By Craig Comrie
A journey starts with the destination, and then we plan how to get there. The route we choose, using the means available, particularly in city traffic or South African health-care, determines when we can expect to arrive at our intended destination.
As South Africans, we have set our destination as a future of health-care equality, but the route mapped out for us in the National Health Insurance Act is potholed, long, and winding.
As the health minister points out, structural imbalances between private and public health care must be addressed. However, the fork in the road ahead could put us on the highway to equalising health care, to the detriment of scarce health-care resources, which may result in more rationalisation of services for those who need them most.
The president’s recent call for collaboration with the private sector could be the safety belt our health system needs, provided the conversations include private health funders and lead to meaningful legislative amendment and policy direction.
The key to the collective journey towards equality must be to level up the quality of health care rather than compromise patient care for all. This is necessary to ensure South Africa does not lag behind international medical and technological developments and skills.
Long overdue regulatory enhancements that could make basic medical aid benefits affordable for all full-time employed South Africans are within arm’s length, offering a sustainable short cut towards universal health-care objectives and the realisation of equal access to a full, quality health-care system in South Africa.
Like petrol, world-class health care does not come cheap and equitable health care does not mean that money alone creates equity. With extensive expertise in a competitive, service-oriented approach to managing health-care needs and resources, private health funders remain an attractive partner to the full realisation of universal health-care coverage.
Keeping pace with modern medicine and maintaining advanced services in the country to benefit an expanding number of South Africans will require significant private health-care partnerships for the immediate to indefinite future.
There is no free ride in health care, public or private.

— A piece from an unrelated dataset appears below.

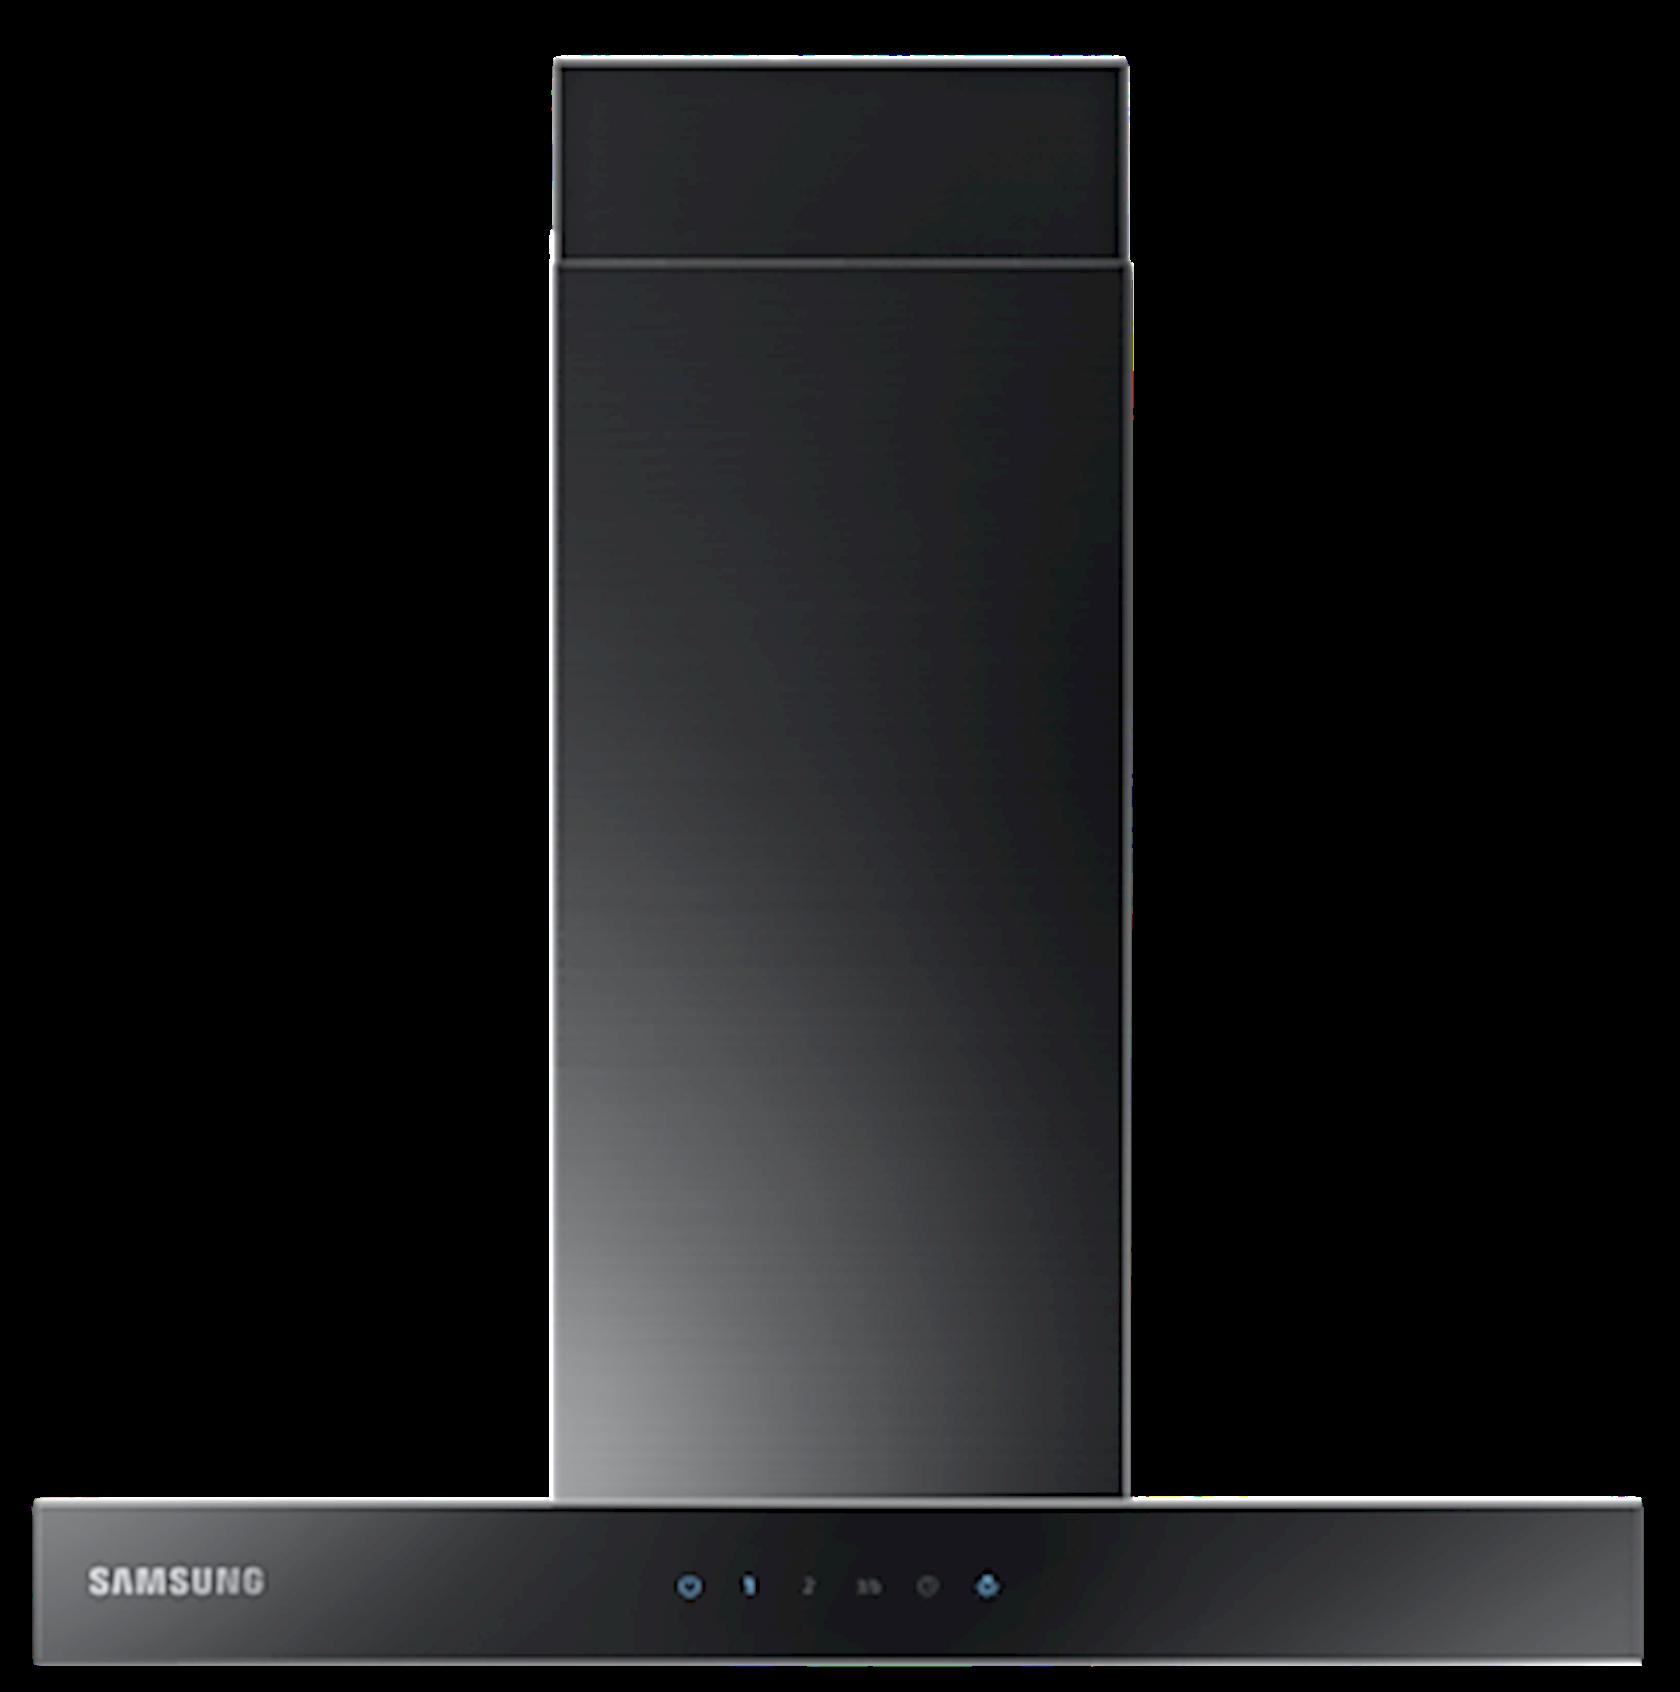 Aspirator Samsung NK24M5070BG

To help precipitate a greater equilibrium, more employed people must be on the bus that contributes taxes to provide for those reliant on public services, preferably without drawing on the public health purse themselves.
Updating regulations to provide protection against financial risk and cost drivers facing medical schemes, such as anti-selection and an outdated basket of Prescribed Minimum Benefits or health cover as a mandatory employment benefit, would dramatically improve the affordability of belonging to a medical scheme and expand its benefits to more people, thereby relieving the pressure on public facilities.
Considering the scale of South Africa’s health needs, we will need capable leadership and governance with an attitude of co-operation to elevate the quality of care available to all. The social solidarity principles that underpin how medical schemes operate provide an opportunity for the advantages of not-for-profit private health funding partners to support the journey towards universal health coverage objectives.
Craig Comrie is the chairperson of the Health Funders Association.